There are no hard and fast rules as to what the optimum type of driving light bracket is, but it is important that the materials are thick enough to withstand the stress they are put under. Most cheap LED driving lights will use very thin brackets (>2.5mm) made from low-grade steel. A high-quality LED light, on the other hand, such as Hard Korr Trailblzer BZR Series, will use a 4mm mounting bracket constructed from marine-grade 316 stainless steel.
LED Driving Light Performance - Lux vs Lumens
An extremely important, but still widely misunderstood, concept in LED driving light performance is the difference between lux and lumens. Lumens is simply a measure of light output at the source, and fails to consider light beam throw, which is affected by the quality of reflector engineering and construction. A cheap, poor-quality light may be very powerful, but due to substandard reflector construction the light beam may be very inefficiently projected and thus much of the light output wasted. A high-quality LED driving light with better reflectors, however, will generally utilise the lumens produced by its LED chips more efficiently. As a result, the beam produced by high-quality lights will generally be more even and much longer. This is why lumens is not a good measure of the performance of a driving light. Look for the 1 lux measurement to truly understand the relative performance of different driving lights.

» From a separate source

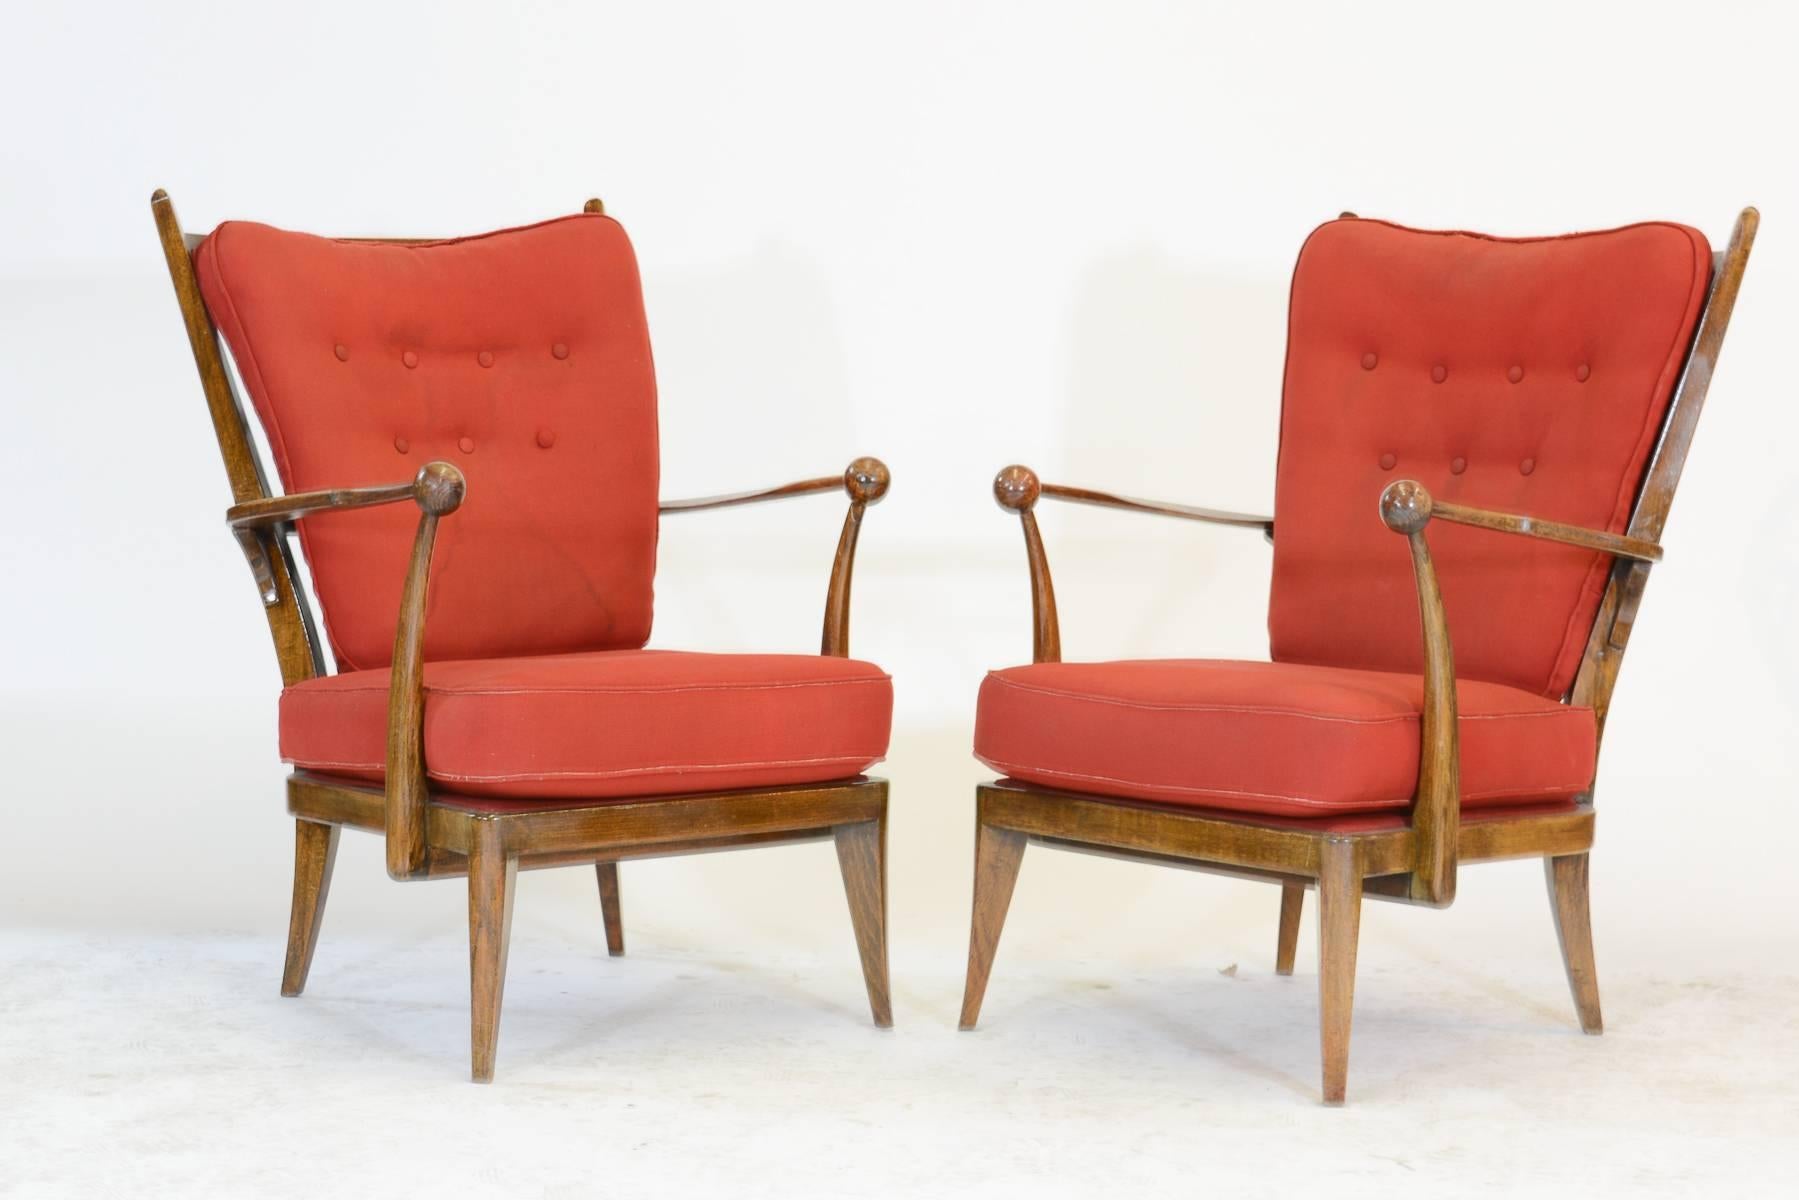 A beautiful early pair of French walnut high back club chair inspired by Guillermes and Chambron for Votre Maison.  They have the Prouvre legs and have a high level of craftmanship

Other factors to consider when selecting an LED driving light include:
If you’re looking for a set of 4wd driving lights, chances are you will be driving through water at some stage. Accordingly, you want to make sure that your lights can handle the submersion without the water penetrating inside.
Waterproofness is measured with Ingress Protection (IP) ratings, which are published by the International Electrotechnical Commission. Theoretically, the IP rating of a light should be a good guide to its ability to handle a dip. However, unfortunately it is also a commonly made-up figure with cheaper lights, and so caution is always advised.
When selecting a 4wd driving light for off-road use, be sure to select one which has an Ingress Protection rating of at least IP67 (bottom of light can be submerged up to 1m) or preferably IP68 (bottom of light can be submerged up to 3m).
As mentioned above, reflector engineering plays a significant part in the conversion of raw light output into a light beam. The beauty of LED driving lights (as opposed to older technology) is that there are many more individual light sources, meaning that much finer control can be exerted over the light beam via minute adjustments to reflector profile.
It also means that the engineering equations are much more complex, and manufacturing tolerance is much lower. A poorly-designed or manufactured reflector can have a substantial negative impact on the shape and distribution of the light beam. Conversely, an expertly designed reflector which efficiently uses the available light can result in an LED driving light that produces a much stronger beam using less power.